Possibly replace partial_ratio
with partial_token_sort_ratio
, as mentioned on this stackoverflow answer. In both our examples it seemed to work as expected.
partial_ratio searches for the best alignment between two strings and the calculates the fuzz.ratio
for this alignment. So while in @aW3st case the word 'etf' is part of the second string therefore you would expect the result 100, thats not the case in your example @XDGFX.
When comparing 'carvar & clock' and 'carvar clock' they are no substring of each other. However when using partial_token_sort_ratio
it works since it resorts the words to 'carvar clock &' and 'carvar clock'. So afterwards 'carvar clock' is a substring of 'carvar clock &' ;)
@aW3st you tried both with python-Levenshtein and without and both have wrong results for different reasons.
- Python-Levenshtein has a known bug with finding the optimal alignment between strings, which is probably the bug your encountering here aswell. You can find this here: #79 (comment)
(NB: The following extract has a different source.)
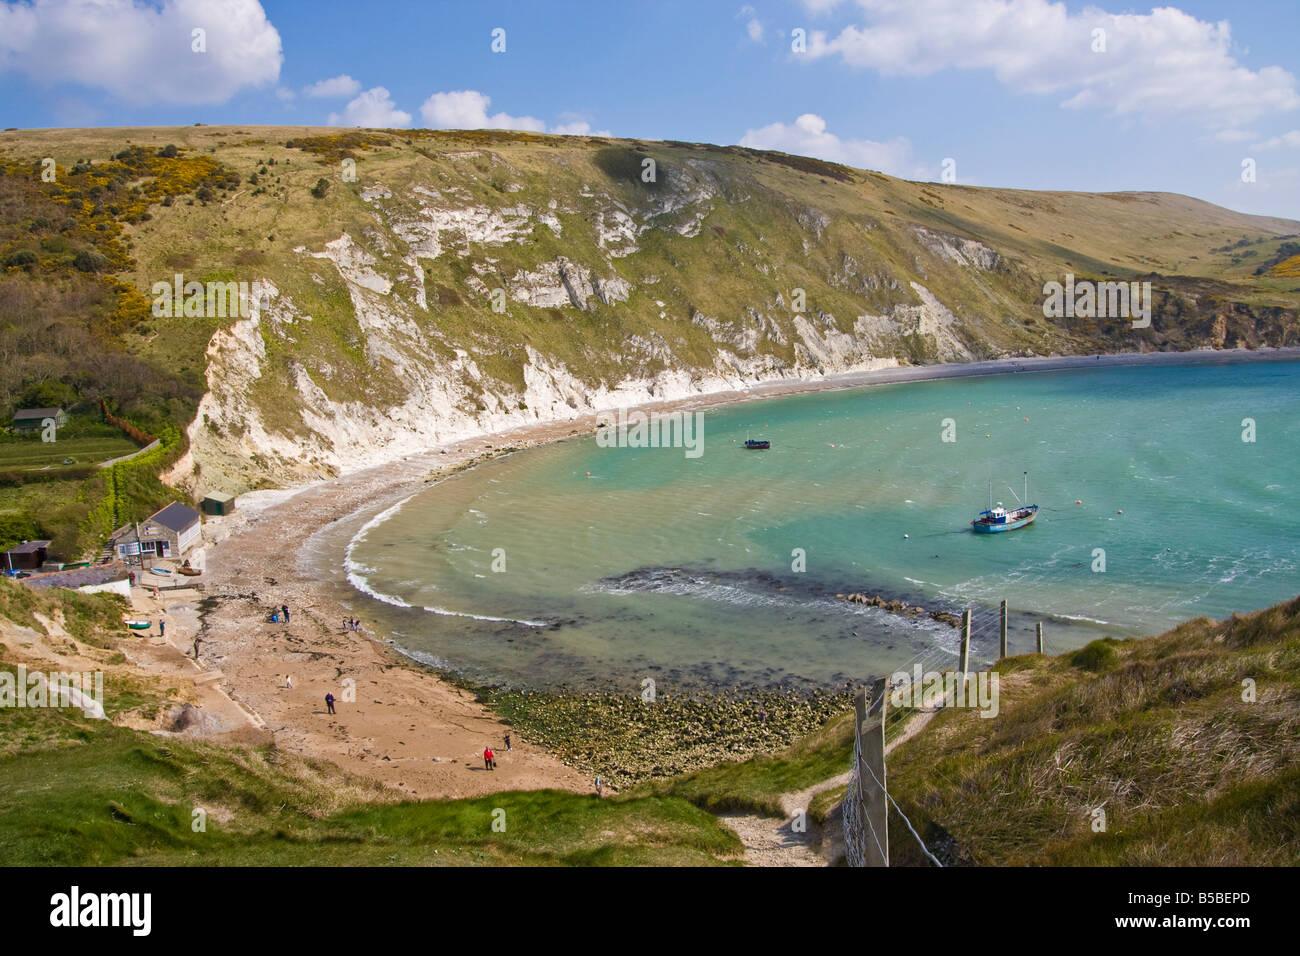 Lulworth Cove, Dorset, England, Europe - Stock Image

- when not using python-Levenshtein fuzzywuzzy falls back to difflib. Here the problem appears to occur when using the automatic junk heuristic of difflib which is activated by default. So it would be required to change
Line 46 in 2188520
to
m = SequenceMatcher(None, shorter, longer, False)
As a sidenote my library rapidfuzz provides the same string matching algorithm without this problem, so your example string returns a score of 100 as you expected
Thanks Max, I'll give your library a shot!
@maxbachmann Hi Max, I'm working with @aW3st on a project. We've swapped fuzzywuzzy for your library, and we're seeing great performance. Thanks!